Police have said Long wore black clothing and a ski mask and was armed with two rifles and a pistol when he parked his rental car near a beauty supply store and approached an empty police vehicle at the convenience store next door.

“Other people, he totally ignored them. He acted like they weren’t even there,” East Baton Rouge Parish Sheriff Sid Gautreaux said last year.

After Long shot two officers, Garafola drew his gun, took cover behind a trash bin and tried to rescue one of the wounded officers. Long shot him to death and shot the wounded officer twice more at close range.

Long traded gunfire with other officers before a police sniper shot him from more than 100 yards away.

Long served in the Marines from 2005 to 2010, including a seven-month stint in 2008 in Iraq. He was a data network specialist who reached the rank of sergeant before an honorable discharge.

Long never saw combat in Iraq, but he told doctors he suffered from post-traumatic stress disorder because a friend showed him videos of maimed and decapitated bodies, medical records showed.

Doctors at the Veterans Administration Medical Center in Kansas City, Missouri, diagnosed Long in November 2011 as suffering from an “adjustment disorder with depressed mood,” but not PTSD.

Long had posted rambling internet videos calling for violence in response to police treatment of African-Americans, which he said constituted “oppression.”

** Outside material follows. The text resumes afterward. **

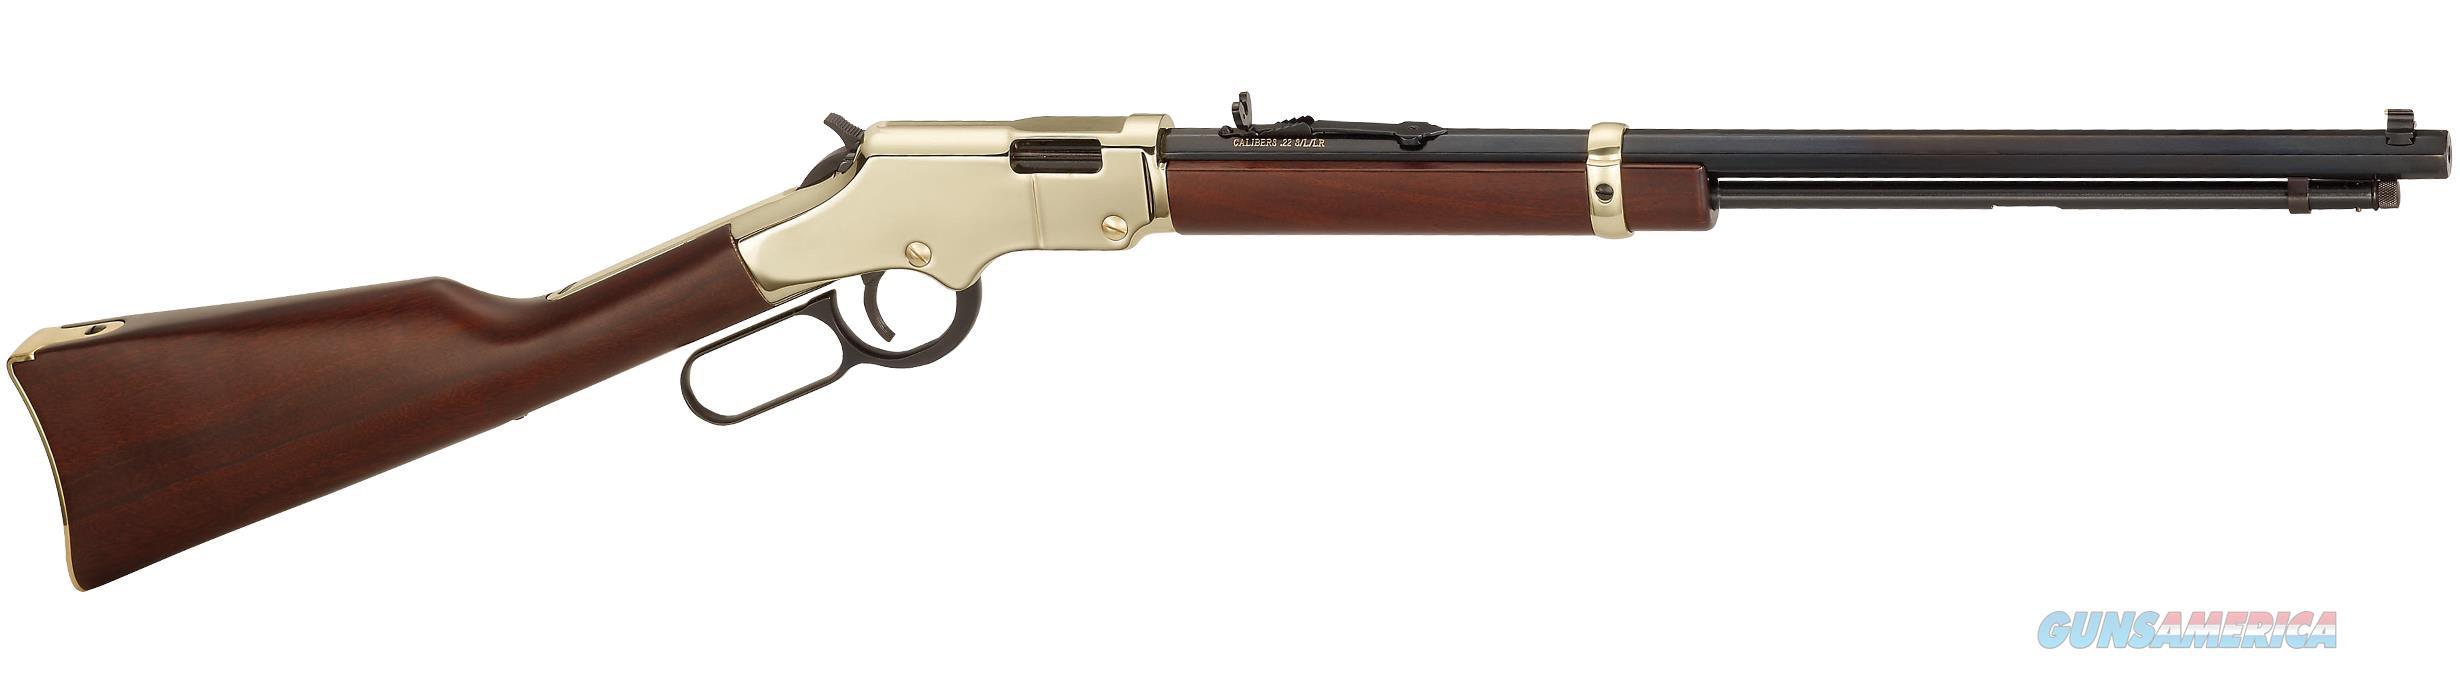 "Henry Repeating Arms HRA Golden Boy 22LR 20"" H004  Guns > Rifles > Henry Rifles - Replica"
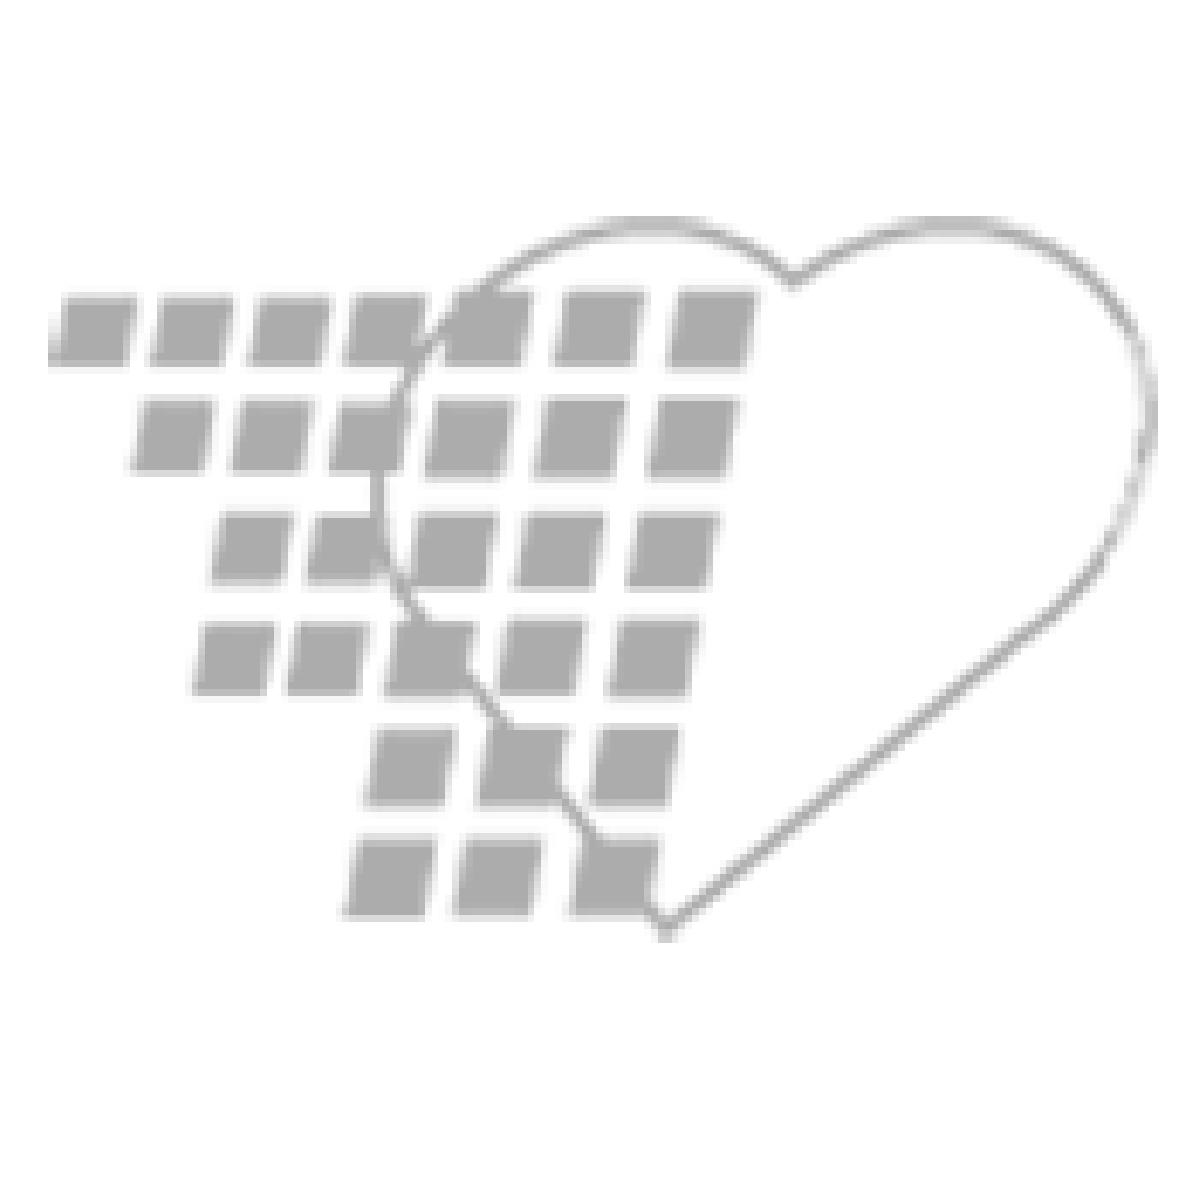 10-81-0120 - Human Pregnancy Pelvis Model

He also purportedly described his actions as a “necessary evil” in a manifesto that an Ohio man says was sent to him by Long less than an hour before the shootings.

His mother, Corine Woodley, told PBS talk show host Tavis Smiley that her son would “pretty much lose it” and become furious every time he heard about a black man being shot by police in what he considered an unlawful manner.